Agree it is an interesting point about losing control of UAVs.

carl

Wed, 10/12/2011 - 3:00am

In reply to by Jack Gander

Agreed. Men make mistakes, tragic ones; but comic ones too if God smiles upon you and you luck out.

To expand upon my point above, drone enthusiasts tend to minimize the often tenuous hold they have on those things. They market them as being foolproof. They ain't.

Jack Gander

Wed, 10/12/2011 - 1:56am

In reply to by carl

I thought about posting a witty reply but the subject is nothing to joke about. Lets just say there are more examples of pilot error/human factors causing loss of life or equipment.

carl

Tue, 10/11/2011 - 11:36pm

In reply to by carl

I should add...you ain't lived until you've walked into a TOC and saw the battle captain looking at a big screen display with a bemused look on his face.
"What are you looking at?"
"That drone over there."
"Where is it headed?"
"Well, we don't know exactly."

carl

Tue, 10/11/2011 - 11:28pm

In reply to by Jack Gander

Believe it or not, if the every computer and electronic component in the airplane failed, I could still find my way not only home, but just about anywhere by looking out the window and using a piece of paper with some markings on it. Other airplanes could be coordinated with using ICOM type radios, detailed pre-flight briefs and hand, head or aircraft motion signals. People on the ground can be communicated with using message drops, or signal panels or patterns stomped into the snow. Whole formations and air forces can be effectively used without a single radio disturbing the ether or a single computer causing frustration when it crashed.
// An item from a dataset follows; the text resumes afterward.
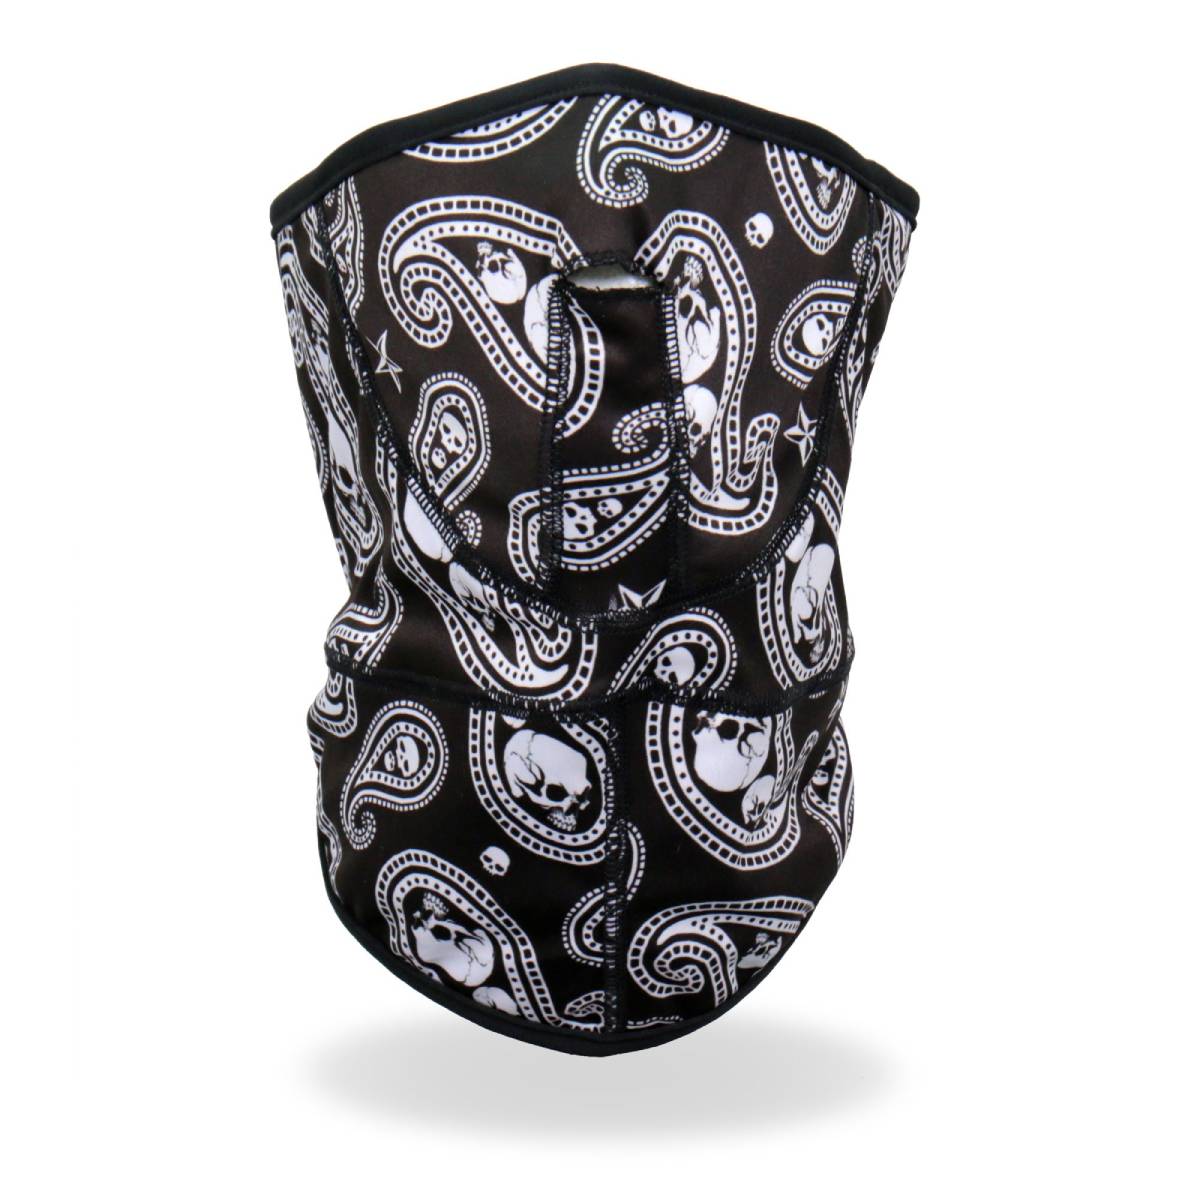 Hot Leathers FWC2005 Paisley Skull Face Wrap Neck Warmer
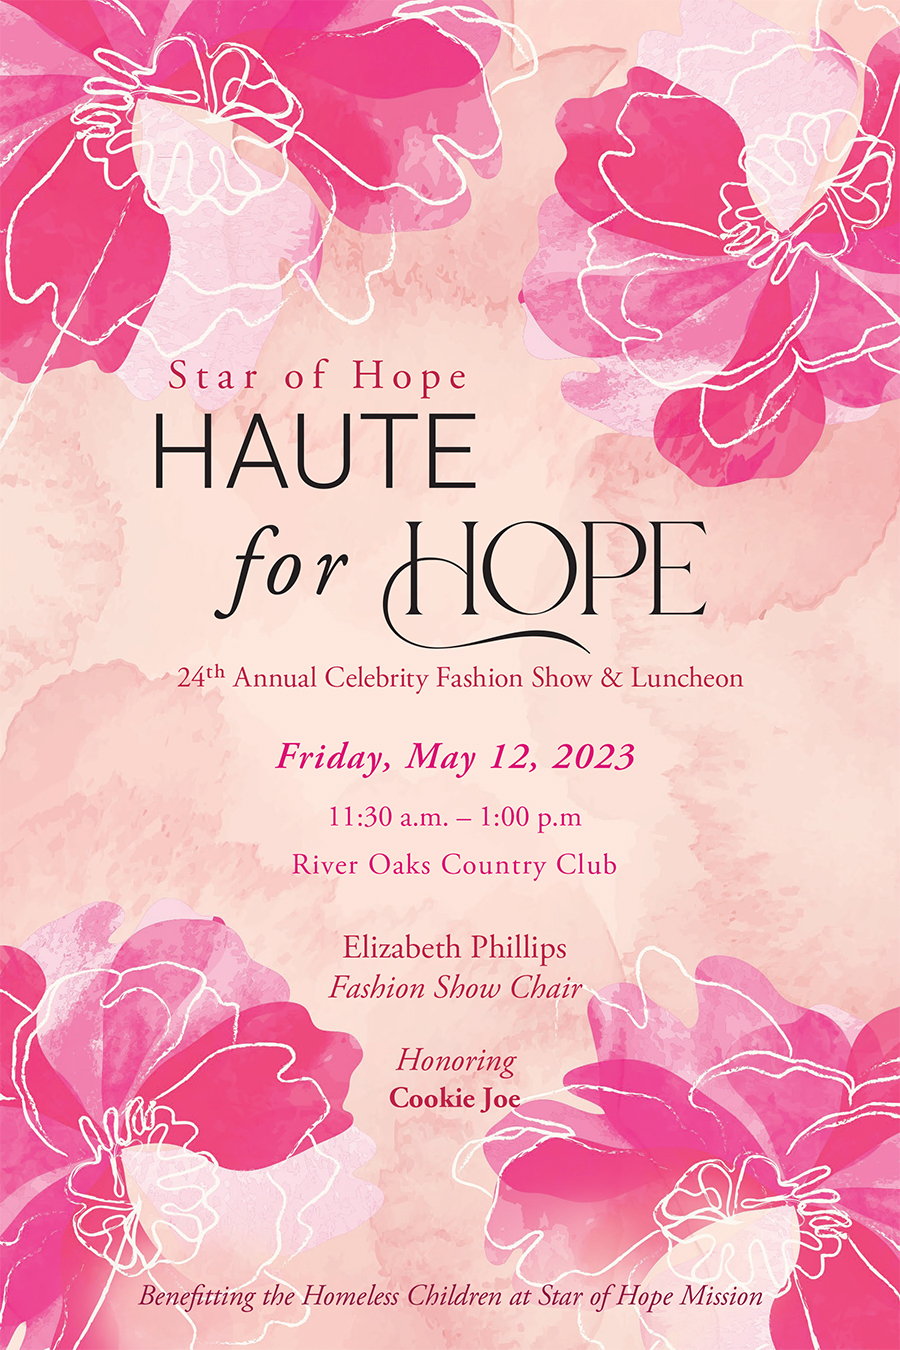 Haute for Hope Save the Date RC Adj-small RGB 2.jpg

All the these things were done for decades before Mr. IBM punched his first card. Check out the complexity of air operations in WWI. Things weren't done as adroitly as they can sometimes be in the computer age, but they were done. And nobody could manipulate a stream of electrons to cause the pilot of a Sopwith Dolphin to register a Fokker D VII as something other than a Fokker D VII.

The advantages man brings to the cockpit are very great; looking out the window and the ability to judge situations based on experience, personal and vicarious, the ability to gain experience by the second, and to come up with something nobody ever thought of before are all things the trontastic boxes can't do.

Mr. Burke brings up the critical point. Can we guarentee (sic) that we can control the drones if we went up against somebody who is as good at EW as we are. I wouldn't bet on it.

Jack Gander

Tue, 10/11/2011 - 6:51pm

The human in the cockpit is the limiting factor to significant advancements in fixed wing aircraft.

Are you assuming the data links, navigation systems, GPS, software applications and communication networks on your airframe are not subject to hacking or jamming? Do you think your supply chain is so "air tight" that malware couldn't be inserted during upgrades or testing? I think both manned and unmanned AC are equally dependent on data systems to operate properly and therefore both are equally vulnerable.

Yes a manned system may be able to RTB, but that's really about the only advantage.

MichaelVail

Tue, 10/11/2011 - 3:41pm

Outsourcing humanity for semi autonomous machines. Who will hold a job in the DoD 30 years from now. Reverse engineering the brain and artificial intelligence development is all the rage right now. I wonder if it possible to create that 'global information grid' for the sake of total information awareness when there are no boots on the ground. Will the battle tested field generals be sent packing, only to replace them with drones who shoot first and ask no questions? Is this what military strategists truly desire?